The National Institute for Health and Care Excellence (NICE) Recommends Use of Exact Sciences’ Oncotype DX® Test to Help Guide Chemotherapy Decisions for Node-positive Breast Cancer Patients
2024年5月10日 - 4:00PM
ビジネスワイヤ(英語)
Exact Sciences, a leading provider of cancer screening and
diagnostic tests, today announced that the UK’s National Institute
for Health and Care Excellence (NICE) has recommended the expanded
use of the Oncotype DX Breast Recurrence Score® test to more
effectively target chemotherapy treatment for women who have
hormone receptor-positive (HR+), human epidermal growth factor
receptor 2-negative (HER2-), early-stage breast cancer involving up
to three positive nodes and who have been through the menopause.

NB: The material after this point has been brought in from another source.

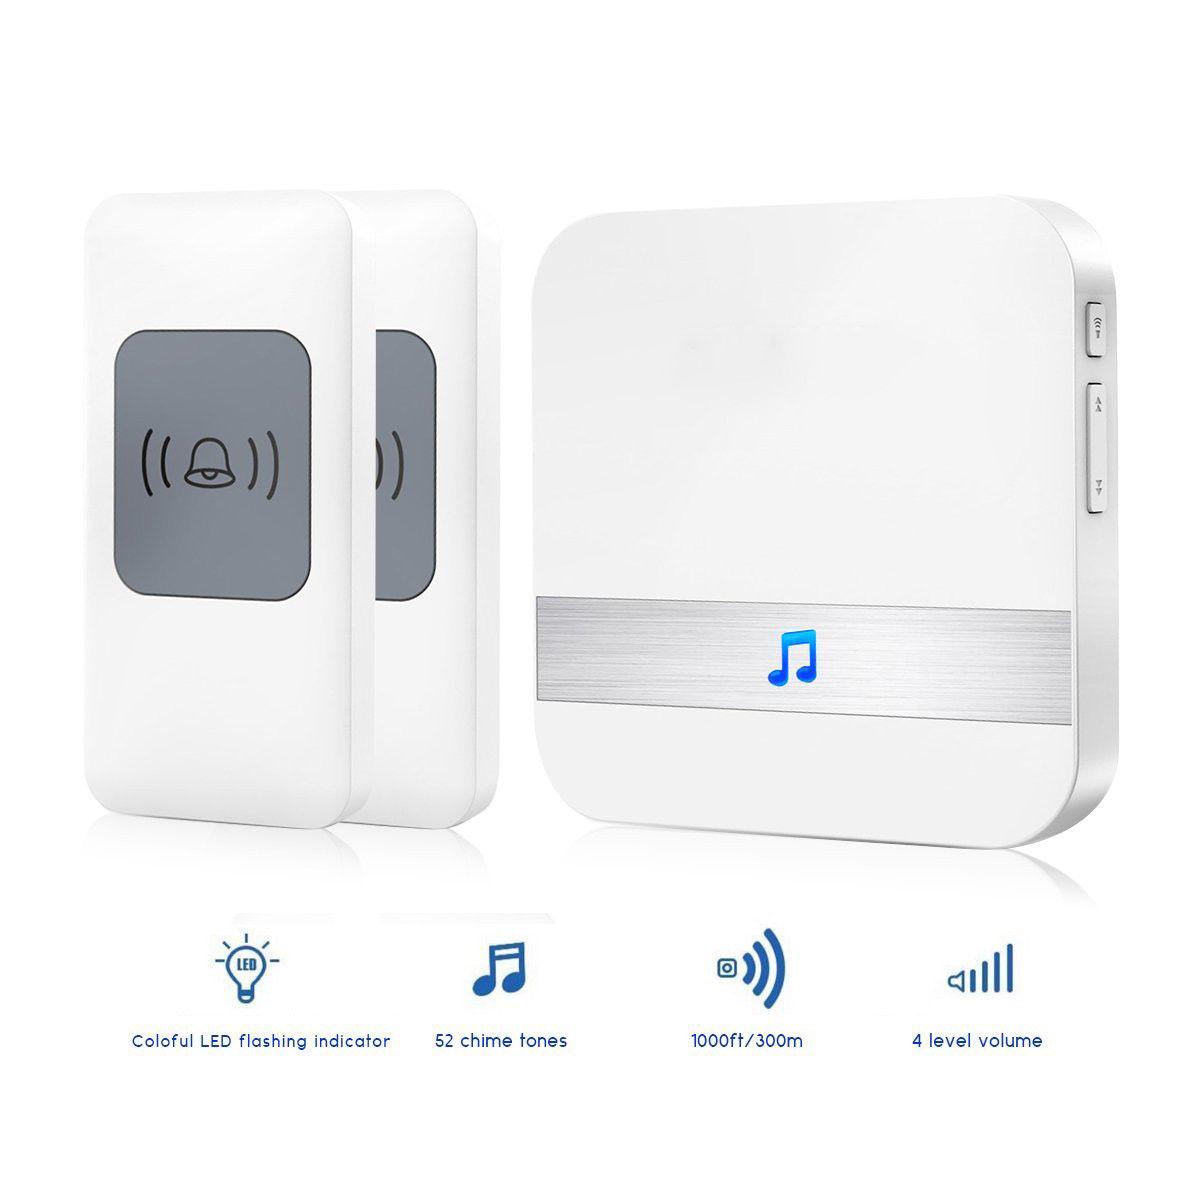 300M Waterproof Electronic Smart Home Wireless Doorbell 52 Songs Chime Door Bell European plug 1 * receiver+2 * button

NICE confirmed that breast cancer patients who are male and trans,
non-binary or intersex may benefit from the test depending on their
hormonal profile. The recommendation has the potential to impact
more than 3000 additional breast-cancer patients in England who
will now have access to the test through the National Health
Service (NHS).1
The new guidance expands upon earlier NICE recommendations for
testing patients without lymph node involvement. Access to genomic
testing for patients with lymph node-positive breast cancer
addresses the issue of overtreatment with chemotherapy, helping
many patients to avoid treatment side effects such as nausea,
fatigue, hair loss and potentially secondary cancer. In addition,
expanded reimbursement has the potential to free up resources and
capacity within NHS breast cancer services.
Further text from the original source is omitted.